You are viewing a plain text version of this content. The canonical link for it is here.
Posted to user@flink.apache.org by Camelia-Elena Ciolac <ca...@inria.fr> on 2014/10/24 12:08:24 UTC

Collection of files as input

Hello, 

I am working on a use case where we have a collections of files as input. 
I am using the env.createInput based on AvroInputFormat. For one input file, it is fine to specify it in new Path(args[0]). 
But, it is possible (and if yes, how) to create a DataSet based on a collection of files directly? 

I thought of a workaround of building one DataSet dsUnion to be the union result, 
and a second DataSet dsCurrent where we create an input for one file. 

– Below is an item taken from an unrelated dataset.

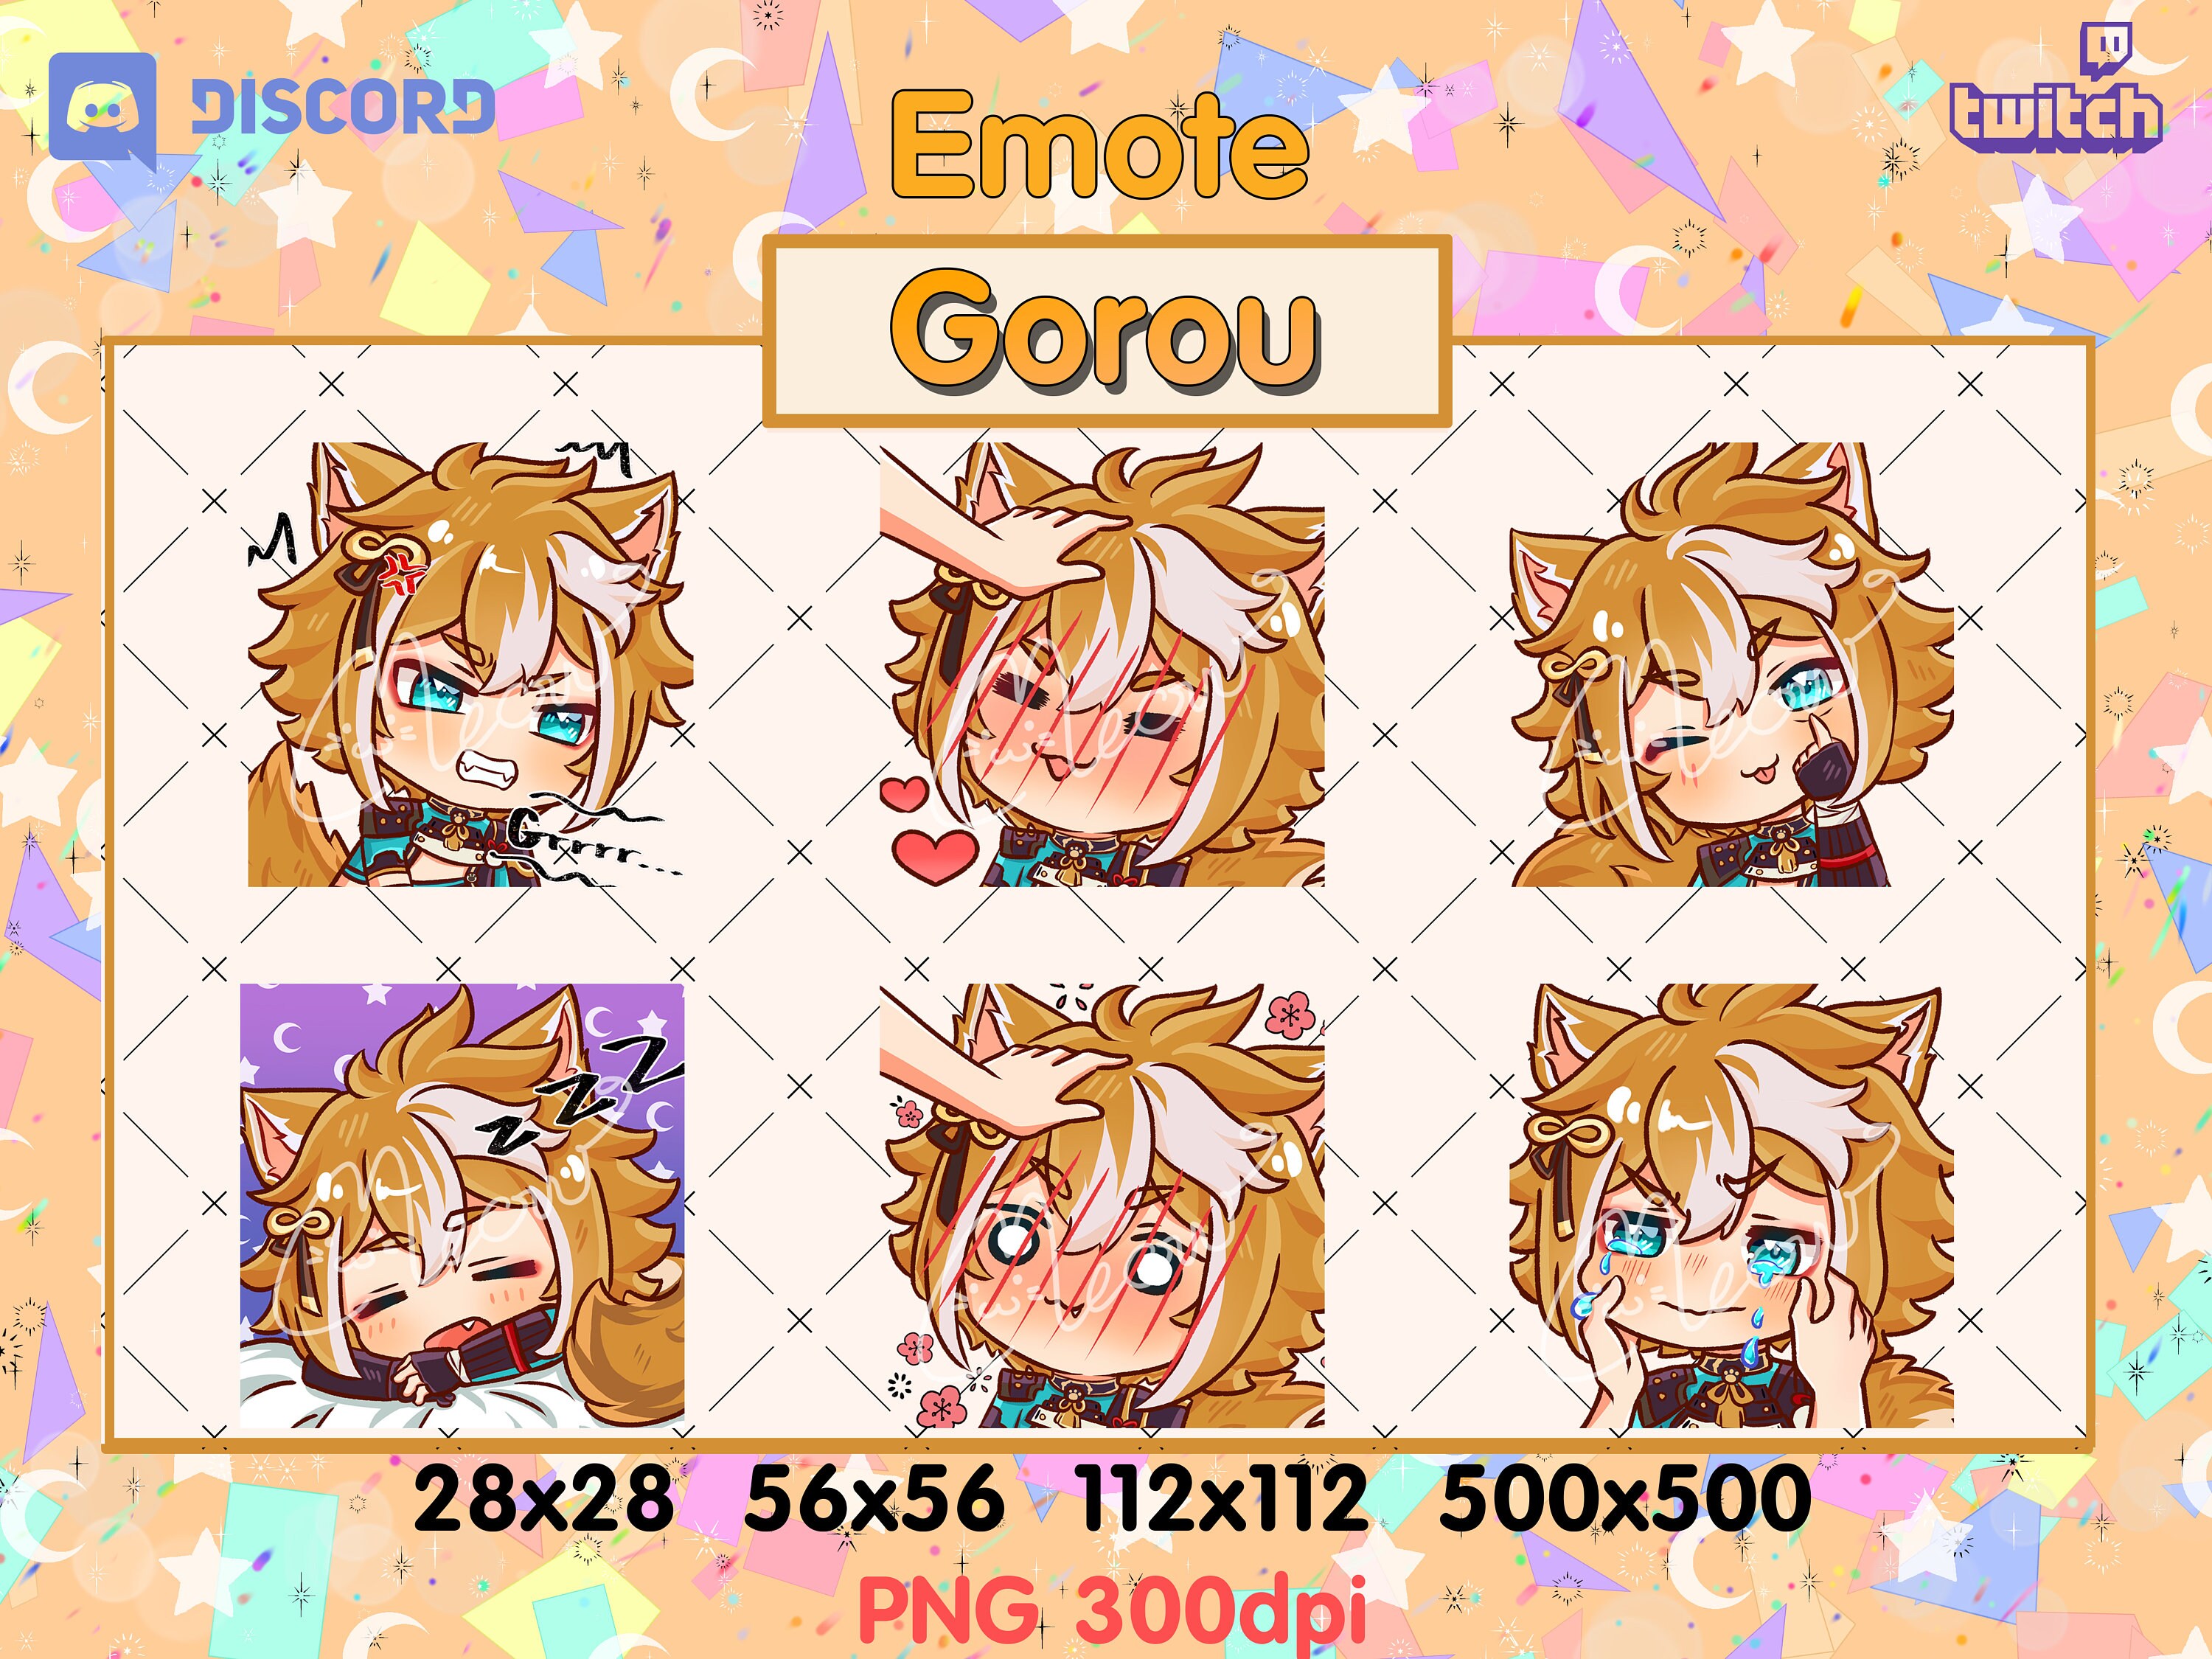 Genshin Impact Gorou Twitch Discord Stream Pack Gorou 3 Pack Emotes Cute Twitch emotes

read first file in dsUnion 

in a loop, repeat: 
read another file in dsCurrent 
dsUnion = dsUnion.union(dsCurrent) 
until all files in the collection are processed. 

Is there a simpler solution possible with Flink API? 

Thanks in advance! 
Camelia 

Re: Collection of files as input

Posted by Fabian Hueske <fh...@apache.org>.
Hi Camelia,

FileInputFormats such as the AvroInputFormat can also read all files in a
directory if this is specified as the path.

Hope that helps.

Best, Fabian

2014-10-24 12:08 GMT+02:00 Camelia-Elena Ciolac <
camelia-elena.ciolac@inria.fr>:

> Hello,
>
> I am working on a use case where we have a collections of files as input.
> I am using the env.createInput based on AvroInputFormat. For one input
> file, it is fine to specify it in new Path(args[0]).
> But, it is possible (and if yes, how)  to create a DataSet based on a
> collection of files directly?
>
> I thought of a workaround of building one DataSet dsUnion to be the union
> result,
>                                                    and a second DataSet
> dsCurrent where we create an input for one file.
>
> read first file in dsUnion
>
> in a loop, repeat:
>       read another file in dsCurrent
>       dsUnion = dsUnion.union(dsCurrent)
> until all files in the collection are processed.
>
> Is there a simpler solution possible with Flink API?
>
> Thanks in advance!
> Camelia
>
>
>